Карамзин также снабжает перевод Галлера своими примечаниями, из которых читатель узнает его взгляды на различные предметы.
Последнюю фразу приведенного выше описания он комментирует так: «Под сими счастливыми тварями разумеет Галлер альпийских пастухов. Все слышанное мною от путешествующих по Швейцарии о роде жизни их в восхищение приводило меня. Размышление о сих счастливых часто понуждало меня восклицать: „О смертные, почто уклонилися вы от начальной невинности своей! почто гордитесь мнимым просвещением своим?“». Он поддерживает мысль Галлера: «Бог не любит никакого принуждения; мир со всеми своими недостатками превосходнее царства ангелов, воли лишенных» — следующим примечанием: «Мысль, полное внимание заслуживающая, — свободная воля токмо может и паки восстановить падшего; она есть драгоценнейший дар Творца, сообщенный им тварям избранным». К замечанию Галлера: «Извне не втекает никакое утешение, когда мы во внутренности мучимся. Наслаждение бывает для нас отвратительно, коль скоро лишается истинных потребностей» — Карамзин делает примечание: «Истина неопровергаемая и каждым человеком ощущаемая! Будешь окружен возлюбленными, будешь знатен, будешь богат, но все еще не будешь спокоен. Для чего?
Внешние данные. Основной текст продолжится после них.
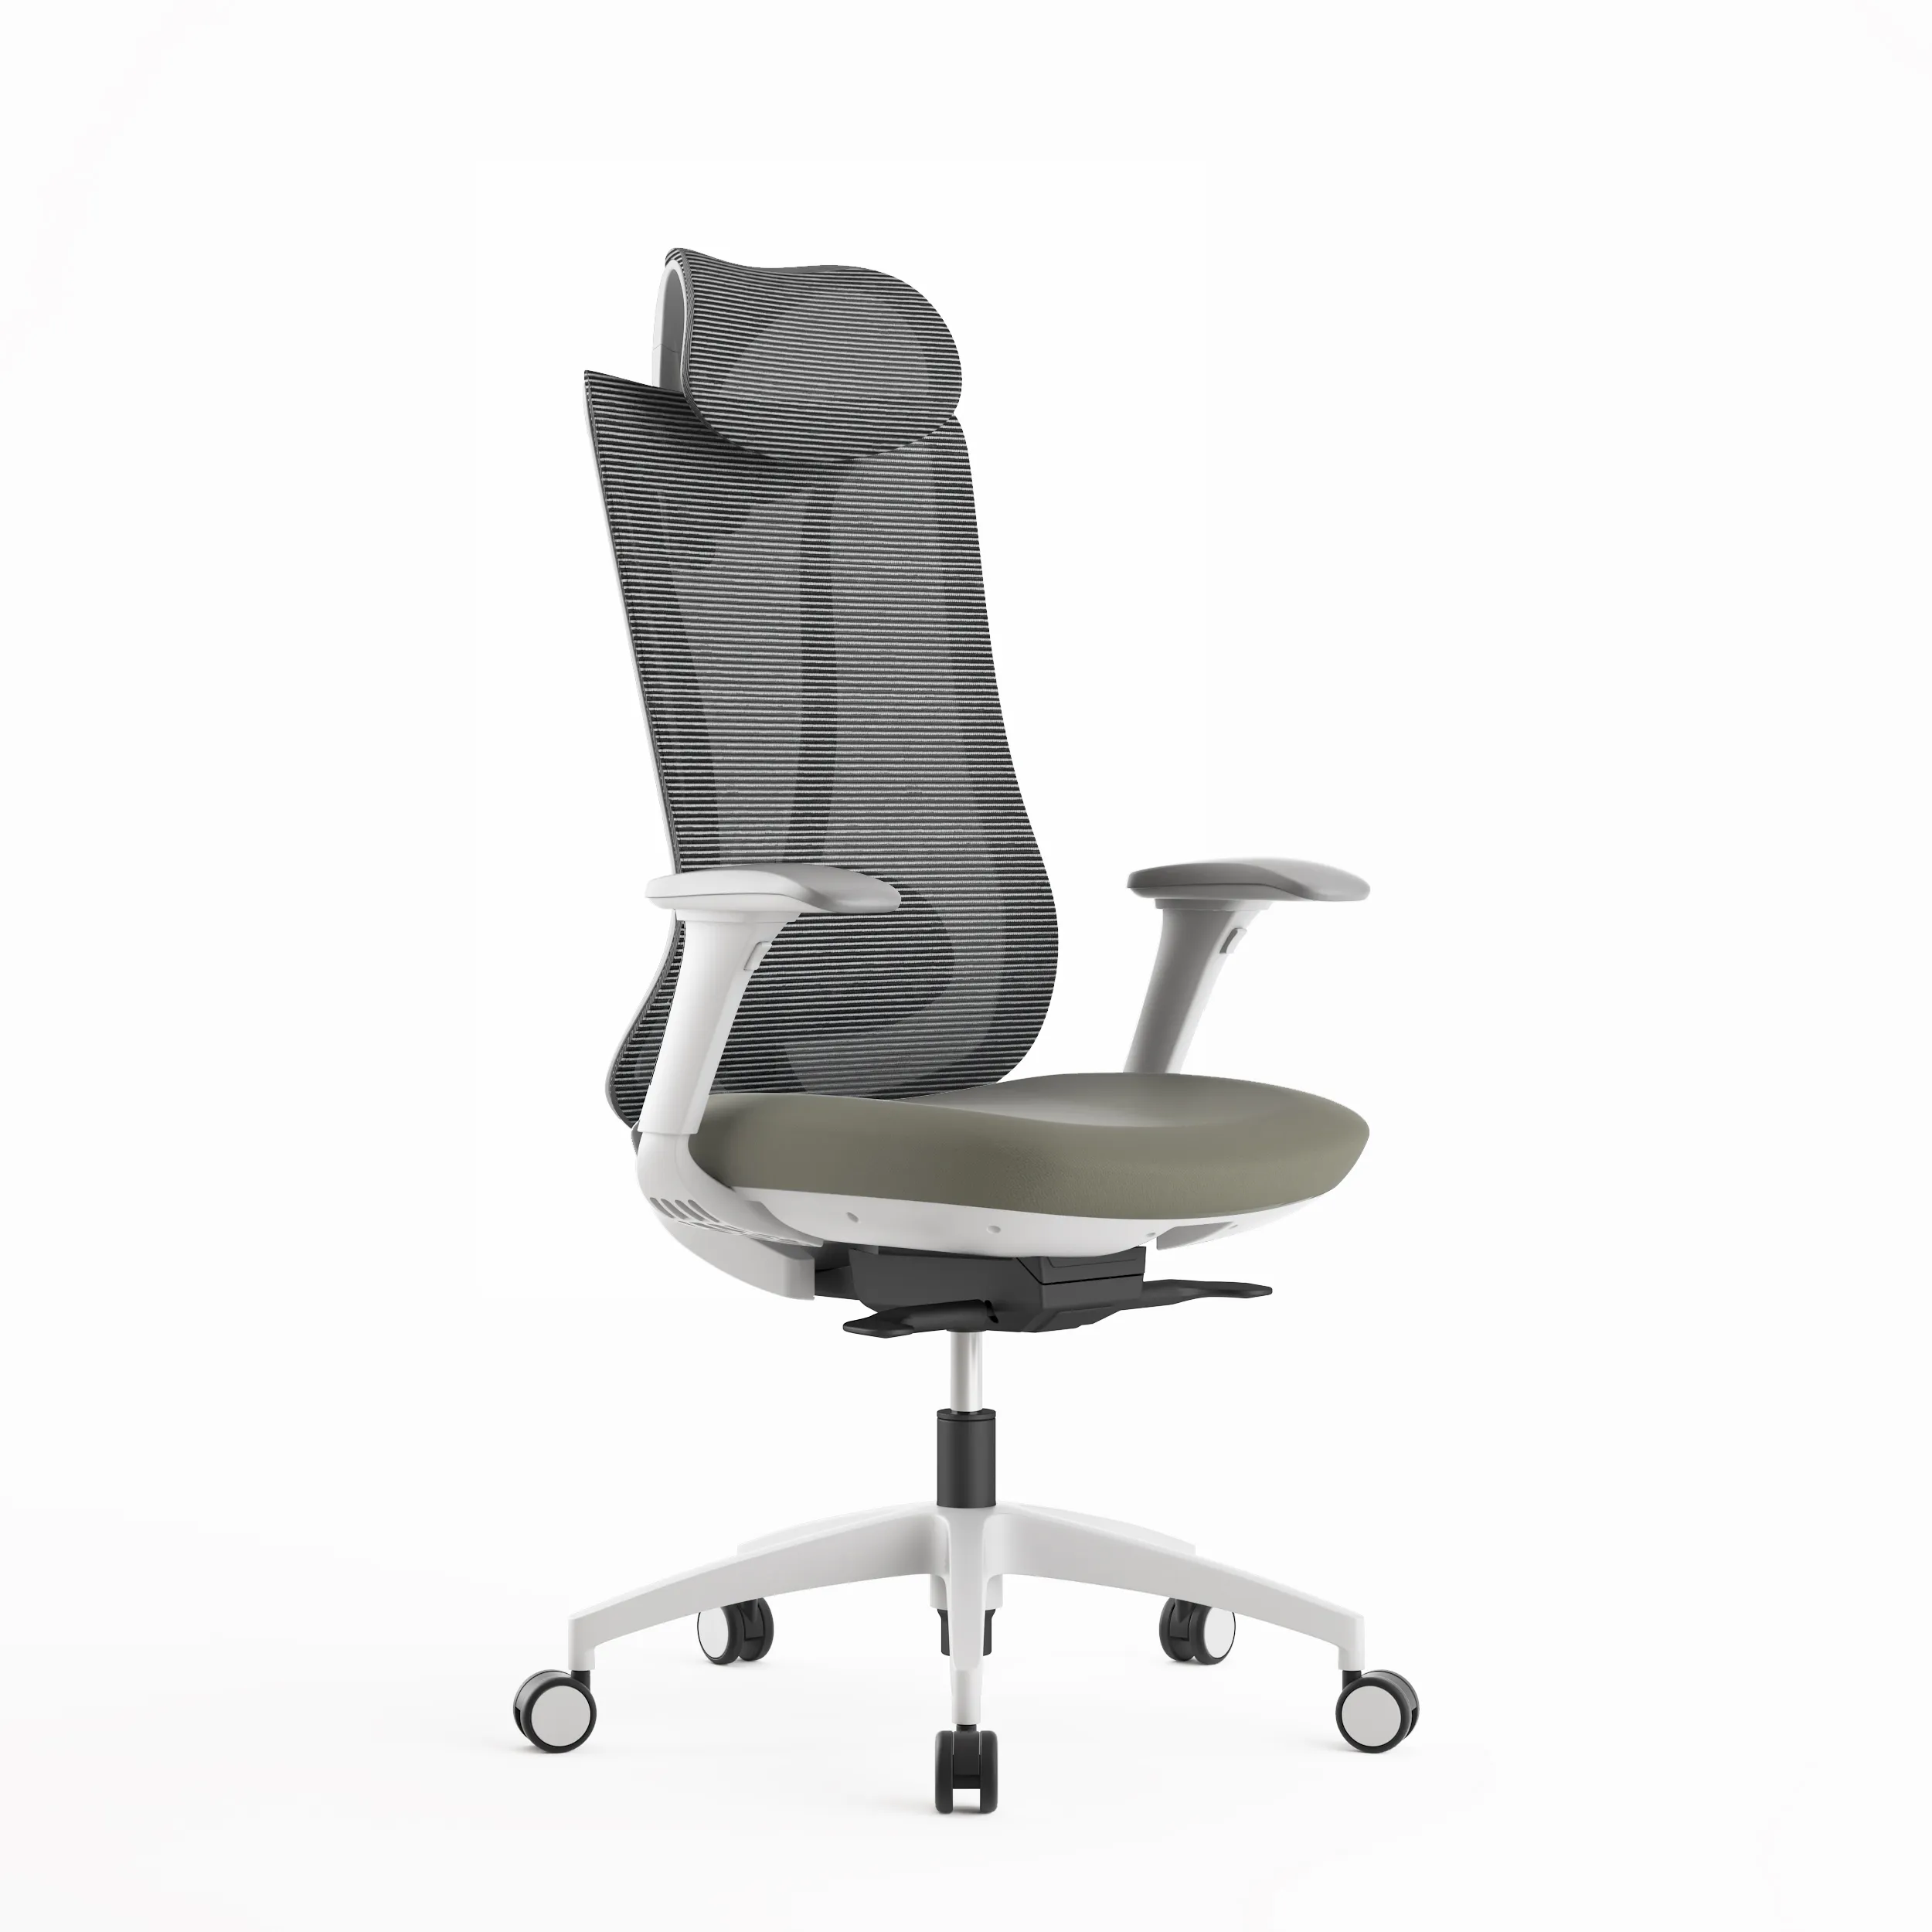 Kursi kantor ergonomis dengan aktivasi, rotasi 360 derajat nyaman desain Modern besar dan tinggi, Meja rumah eksekutif, jaring belakang tinggi

Для того, что ты лишен истинных потребностей: все сии блага суть для тебя блага чуждые». Галлер описывает состояние духа по смерти: «Дух, удаленный уже от всего того, чем он доселе омрачался, зрит себя в таком мире, в котором нет ничего ему принадлежащего… Истина, коей силе полагает препоны мятеж мира, не обретает уже ничего, что бы ощущение ее в сей пустыне умалить могло; пожирающий огнь ее проницает внутренность натуры и в глубочайшем мозге ищет самомалейших следов зла». Карамзин на это замечает: «Сочинитель, некоторым образом темно, предлагает здесь священную истину, такую истину, которую мы не найдем иногда и во множестве томов сочинений нынешних модных теологов».
В примечаниях видно стремление Карамзина к критическому усвоению текста; можно отметить, что его рассуждения вращаются в круге масонских идей.
Юношеские стремления, поиски, обретения, мысли, сомнения и верования Карамзина неразрывно связаны с его дружбой с Петровым. Среди друзей и знакомых Карамзина, которых И. И. Дмитриев узнал во время своего недолгого пребывания в Москве, он особенно отмечает Петрова. «Между ними (то есть переводчиками Дружеского ученого общества, жившими в доме на Чистых прудах. — В. М.), — пишет он в воспоминаниях, — по всей справедливости почитался отличнейшим Александр Андреевич Петров. Он знаком был с древними и новыми языками при глубоком знании отечественного слова, одарен был и глубоким умом, и необыкновенною способностию к здравой критике; но, к сожалению, ничего не писал для публики, а упражнялся только в переводах… Карамзин полюбил Петрова, хотя они были не во всем сходны между собою: один пылок, откровенен и без малейшей желчи; другой угрюм, молчалив и подчас насмешлив. Но оба они питали равную страсть к познаниям, к изящному; имели одинакую силу в уме, одинакую доброту в сердце; и это заставило их прожить долгое время в тесном согласии под одною кровлею у Меншиковой башни…»
Сам Карамзин неоднократно впоследствии вспоминал Петрова, и всегда с неизменной любовью и благодарностью. В статье «Цветок на гроб моего Агатона», посвященной памяти Петрова (он умер в 1793 году), Карамзин создает его литературный портрет, облеченный в форму воспоминаний.
«…Он был ни богат, ни знатен, — начинает свой рассказ Карамзин, — он был человек, благородный по душе своей, украшенный одними достоинствами, не чинами, не блеском роскоши, — и сии достоинства таились под завесою скромности».
Далее Карамзин говорит о том сильном и благодетельном влиянии, которое оказал на него Петров: «Верный вкус друга моего, отличавший с великою тонкостию посредственное от изящного, изящное от превосходного, выученное от природного, ложные дарования от истинных, был для меня светильником в Искусстве и Поэзии. Восхищенный красотою цветов, растущих на сем поле, дерзал я иногда младенческими руками образовать нечто подобное оным и незрелые свои мысли изливать на бумагу; он был первым моим судьею, и хотя замечал недостатки, однако же, по снисхождению и нежности своей, ободрял меня в сих упражнениях. Ах! я жалею о том человеке, который занимается Литературою и не имеет знающего друга!